Dalam sejarah ketatanegaraan Islam, pengelolaan zakat diserahkan kepada “waliyul
amr” yang dalam konteks ini adalah pemerintah, karena para fukaha
berbendapat خُذْ
مِنْ أَمْوَالِهِمْ صَدَقَةً pada surat
At-taubah;103 kewenangan untuk melakukan pengambilan itu berada pada kekuatan
pemerintah.
Pada awal pemerintahan Islam, zakat merupakan sumber pertama dan terpenting
dari penerimaan negara. Negara bertanggungjawab dalam penghimpunan dan
menggunakannya secara layak, dan penghasilan dari zakat tidak boleh dicampur
dengan penerimaan publik lainnya. Zakat merupakan kebijakan fiskal Islam yang
berbeda dengan kebijakan fiskal konvensional.
Dalam fiskal konvensional pemerintah
dapat mempengaruhi kegiatan perekonomian melalui insentif dalam tarif pajak
maupun besarnya ‘tax base’ dari suatu kegiatan perekonomian, sedangkan
dalam sistem zakat, segala ketentuan tentang besarnya tarif zakat sudah
ditentukan berdasarkan petunjuk dari Rasulullah. Oleh karena itu, kebijakan
zakat sangat berbeda dengan kebijakan perpajakan.

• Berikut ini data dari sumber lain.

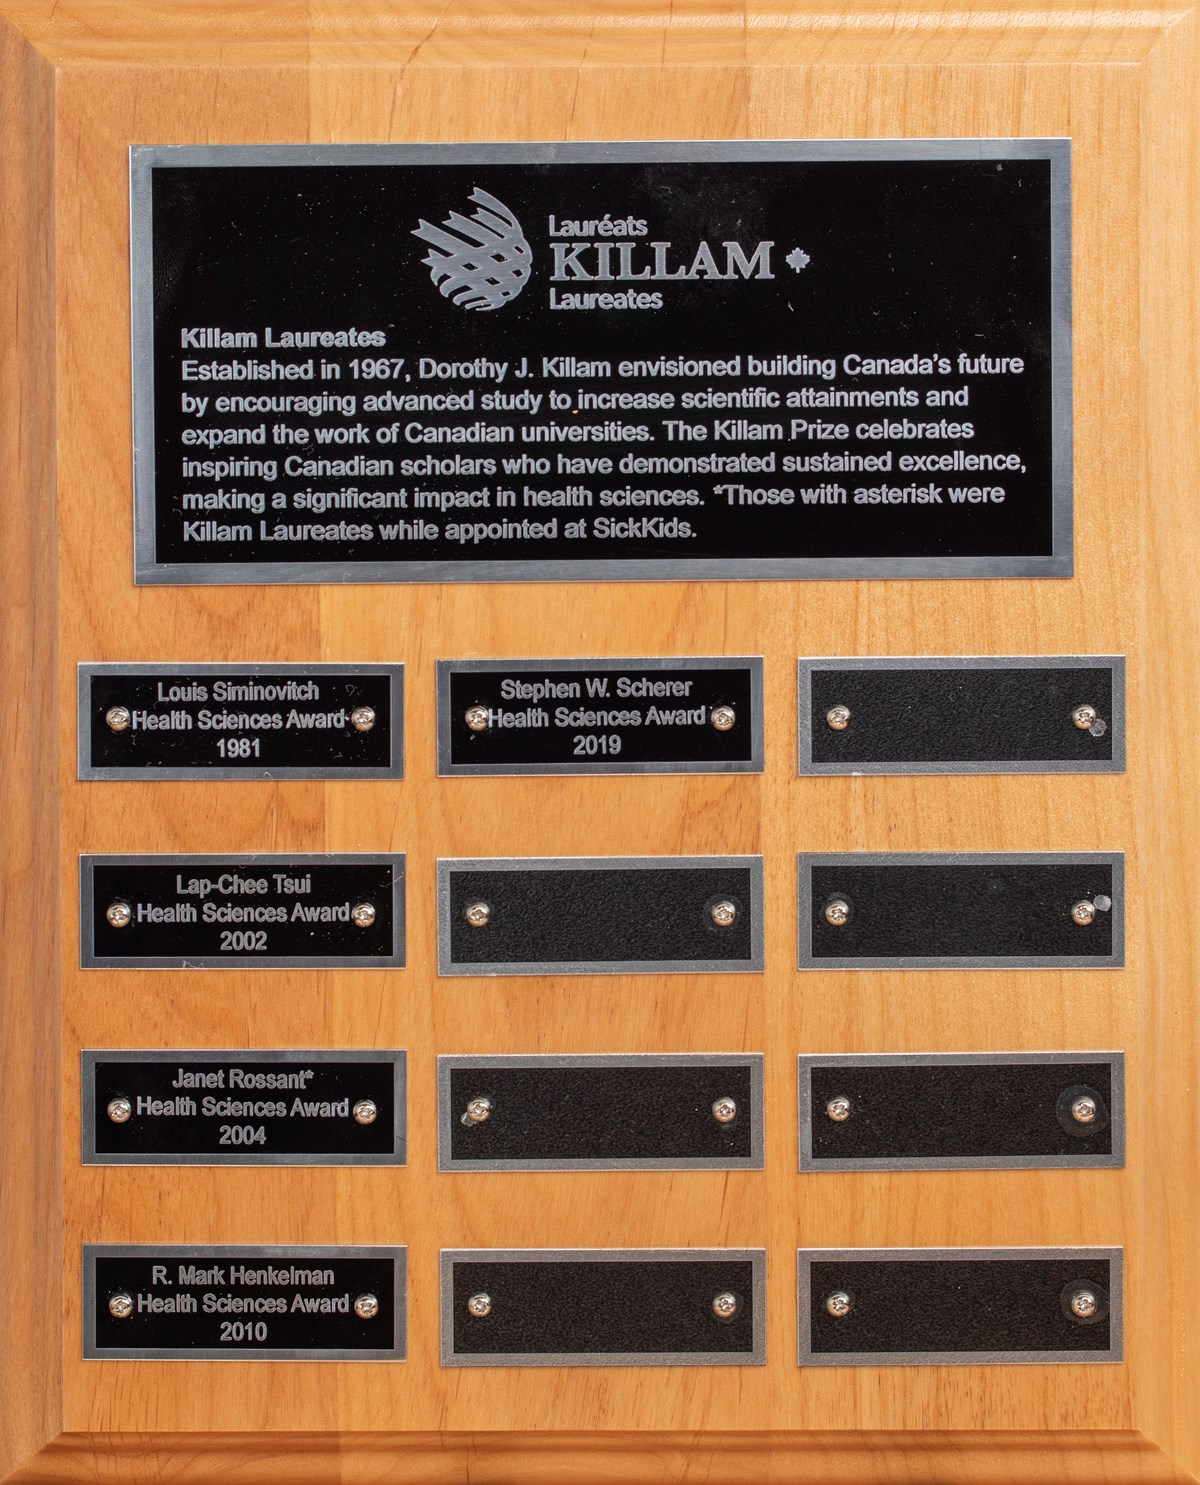 A wooden plaque of the various Killam awards that have been awarded over the years engraved on black metal plating.

Konsep fiqh zakat menyebutkan bahwa sistem zakat berusaha untuk
mempertemukan pihak surplus Muslim dengan pihak defisit Muslim.Tujuan dari
sistem ini agar terjadi proyeksi pemerataan pendapatan antara surplus dan
defisit Muslim atau bahkan menjadikan kelompok yang defisit (mustahiq) menjadi
surplus (muzakki).
Pengelolaan zakat oleh pemerintah
berlangsung cukup lama hingga kekhilafahan Islam. Pada masa khulafa rasyidin
zakat sebagai pajak kaum muslimin bahkan pada masa Abu Bakr penegakan
zakat dikenal sangat ketat. Hal ini tersirat dalam ungkapan Abu Bakar di
kalangan umat saat itu, “Demi Allah aku akan memerangi orang-orang yang
membedakan kewajiban shalat dengan zakat.Sesungguhnya zakat adalah hak yang
harus diambil dari harta kalian. Demi Allah, jika menolak untuk
menunaikan zakat yang pernah dilakukan pada zaman Rasul, pasti akan aku perangi…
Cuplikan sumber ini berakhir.